Recently, I encountered a scheduling problem in a distributed system and I hope to get some help: for a multi-stage microservice that has two stages calling the same instance, such as A-->B-->A, how should I serve to maximize the throughput under SLO (Service Level Objective) constraints?

This may involve two challenges: (1) making the pipeline uniform in thickness. That is, the pipeline for the first stage calling A, the second stage calling B, and the third stage calling A again, the rate at which the request flows out is the same. (2) How to schedule for stages that share resources. Because the first stage and the third stage...
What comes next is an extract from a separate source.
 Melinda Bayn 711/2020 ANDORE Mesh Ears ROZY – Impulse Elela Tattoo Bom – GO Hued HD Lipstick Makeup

I am confused about: (1) Why making the pipelines of A and B uniform in thickness can improve the throughput under SLO constraints? (2) For stages that share resources, is it optimal to schedule according to FCFS (First-Come, First-Served) regardless of whether the request belongs to the first stage or the second stage? If not, what should be done? I have implemented a piece of Python code to simulate my scenario, as shown below:

python
# invoke chain: M1Handler -- > M2Handler --> M1Handler

class M1Handler:
    def __init__(self):
        self.phase1_queue = Queue()
        self.phase2_queue = Queue()
        self.phase1_wait_times = []
        self.phase2_wait_times = []
    
    def process_phase(self):
        # FCFS strategy to get request
        while True:
            if not self.phase1_queue.empty() or not self.phase2_queue.empty():
                # Determine which queue to process based on the oldest request
                if not self.phase1_queue.empty() and (self.phase2_queue.empty() or self.phase1_queue.queue[0].enqueue_time <= self.phase2_queue.queue[0].enqueue_time):
                    queue = self.phase1_queue
                else:
                    queue = self.phase2_queue
                
                request = queue.get()
                if queue == self.phase1_queue:
                    request.phase1_entry_time = time.time()
                    self.phase1_wait_times.append(request.phase1_entry_time - request.enqueue_time)
                    time.sleep(0.6)  # Simulate processing time
                    request.phase1_exit_time = time.time()
                    
                else:
                    request.phase3_entry_time = time.time()
                    self.phase2_wait_times.append(request.phase3_entry_time - request.phase2_exit_time)
                    time.sleep(0.3)  # Simulate processing time
                    request.phase3_exit_time = time.time()
                    
                    

class M2Handler:
    def __init__(self):
        self.queue = Queue()
        self.wait_times = []
    
    def process(self):
        while True:
            if not self.queue.empty():
                request = self.queue.get()
                request.phase2_entry_time = time.time()
                self.wait_times.append(request.phase2_entry_time - request.phase1_exit_time)
                time.sleep(0.9)  # Simulate processing time
                request.phase2_exit_time = time.time()
                
                server.m1_handler.phase2_queue.put(request)
                throughput_counter['m2'] += 1